Racism, Exclusion & Risk
Thursday, Dec 03, UTC 09:00 to 09:55
The widespread prevalence of racism in our society and institutions shapes disaster risks. Mechanisms of differentiation based on race are determinants in the social construction of vulnerability and exposure, perpetuating systemic patterns of exclusion and privilege. By overlooking reality, people and organizations often fail to notice racism, or anticipate the risks this can engender and entrench. We can do something about it… But how to initiate constructive conversations on the difficult intersection of race and risk?
Hop into this interactive session with literaryperformer Regie Gibson and risk-takers Janot Mendler de Suarez and Pablo Suarez. We’ll ignite some sparks with a selection of cartoons created during earlier UR2020 sessions. Finally, building on “meaning-making” lines co-created by UR2020 participants, Regie will deliver a Spoken Word performance on anti-racism, inclusion and resilience.
This Plenary has been organized by the Global Facility for Disaster Reduction and Recovery and the World Bank’s Social Sustainability and Inclusion Global Practice.
It builds off a World Bank Anti-Racism workshop developed by World Bank’s Social Sustainability and Inclusion Global Practice.
Regie Gibson
Literaryperformer
Regie Gibson is an award-winning Literaryperformer and has lectured & performed widely in the U.S., Cuba & Europe.
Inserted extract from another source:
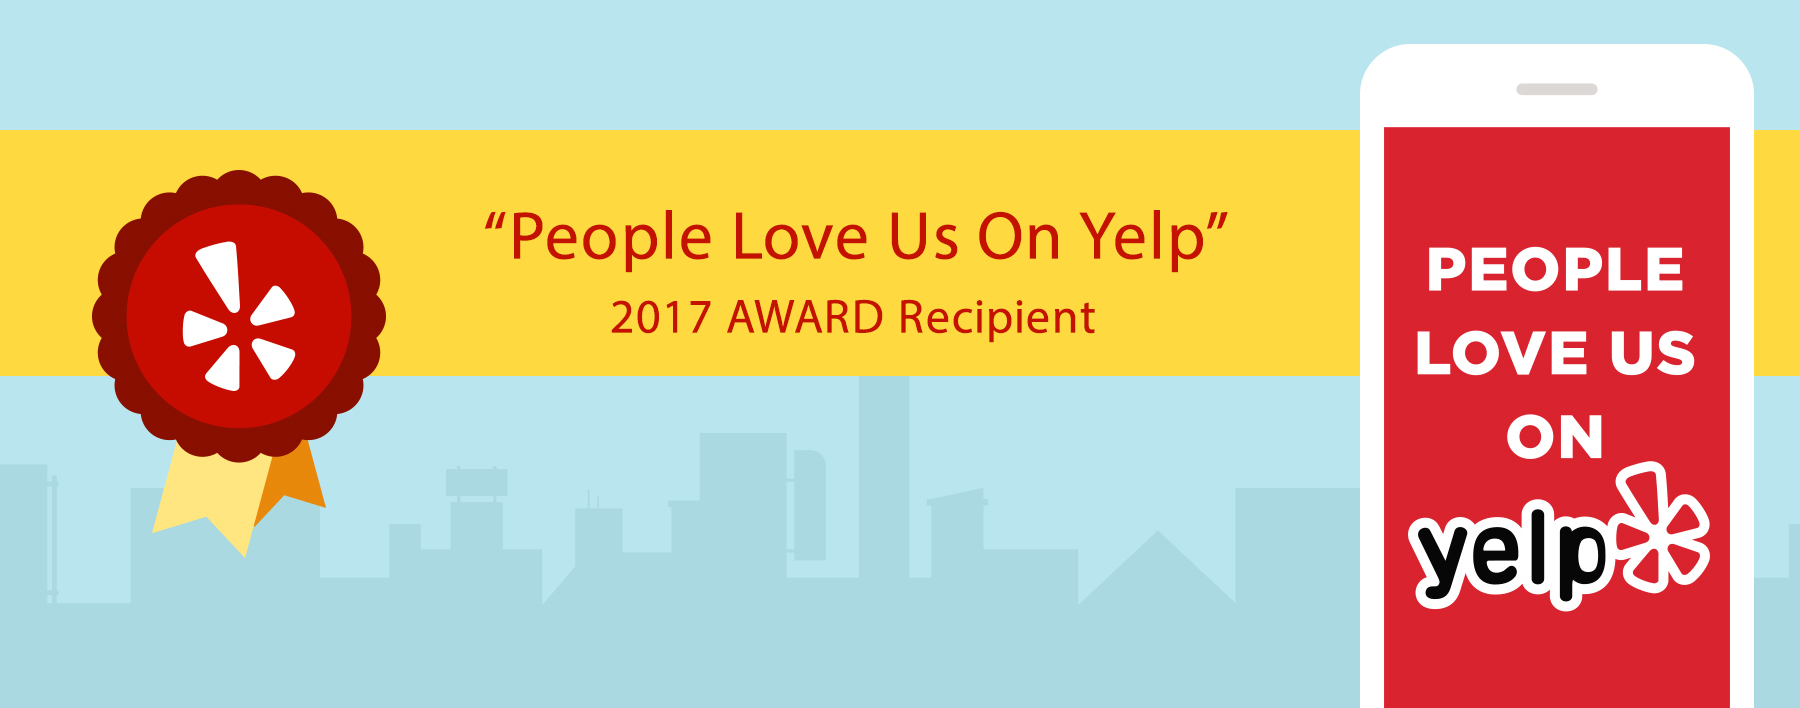 yelp-people love us award

Representing the U.S. Regie won the Absolute Poetry Award in Monfalcone, Italy. A Brother Thomas Fellow and consultant for the National Endowment for the Arts & the “Mere Distinction of Color” exhibit at James Madison’s Montpelier examining the legacy of slavery & the U.S. constitution, he has composed literary texts for the Boston City Singers, Mystic Chorale, Handel & Haydn Society, and created the “Shakespeare Time-Traveling Speakeasy” theatrical, literary-concert on the life of William Shakespeare. He teaches at Clark University.
Janot Mendler de Suarez
Consultant
Janot Mendler de Suarez consults with the World Bank, serves as Technical Advisor with the Red Cross Red Crescent Climate Centre, and is a Visiting Research Fellow with Boston University’s Pardee Center for the Study of the Longer-Range Future. An innovator in transformation management, collective intelligence, pioneering the use of serious games and creative arts for effective learning and dialogue. Janot acts for racial justice, served on the Metro Boston Race Amity taskforce, encouraging cities and towns to develop transformational racial justice programming.
Felipe Galindo
Cartoonist
“Feggo” Felipe Galindo, creates humorous art in a variety of media, including cartoons, illustrations, animations, fine art & public art. Born in Cuernavaca, Mexico, he resides in New York City. His work has been exhibited and published worldwide including in The New Yorker, The Wall Street Journal, MAD, Private Eye and The New York Times, among many others.
Yasin Osman
Cartoonist
Yasin Osman is an award-winning Toronto-based photographer and cartoonist. In 2015, Osman founded Shoot for Peace, an art mentorship program in Toronto for boys and girls, blending his background in education and passions for youth empowerment, art and photography. In 2018 Yasin started a webcomic series called ‘Grandpa Ali & Friends’ that later got published as a comic book under the same name. Today, Osman works as a youth worker by day while juggling photography and making cartoons. His work can be seen in The New Yorker and Reader’s Digest.
Pablo Suarez
Associate director for research and innovation
Red Cross Red Crescent Climate Centre
Pablo Suarez is associate director for research and innovation at the Red Cross Red Crescent Climate Centre, as well as visiting fellow at Boston University, and artist in residence at the National University of Singapore’s Lloyd Register Foundation for the Public Understanding of Risk. He has consulted for UNDP, the World Bank, Oxfam, and about twenty other international humanitarian and development organizations, working in more than 60 countries. His current work involves creative approaches to climate risk management – ranging from self-learning algorithms for flood prediction, to collaboration with humorists to inspire thinking and action. Pablo holds a master’s degree in planning, and a Ph.D. in geography.
Emily Flake
Cartoonist
Emily Flake began cartooning for The New Yorker in 2008 and has had more than a hundred cartoons published in the magazine since. Her cartoons, essays, and illustrations have also appeared in Mad, the New York Times, the New Statesman, the Wall Street Journal, the Globe and Mail, and in many other publications. She is the author of “Mama Tried” and her newest book, “That Was Awkward: The Art and Etiquette of the Awkward Hug,” published by Viking in 2019.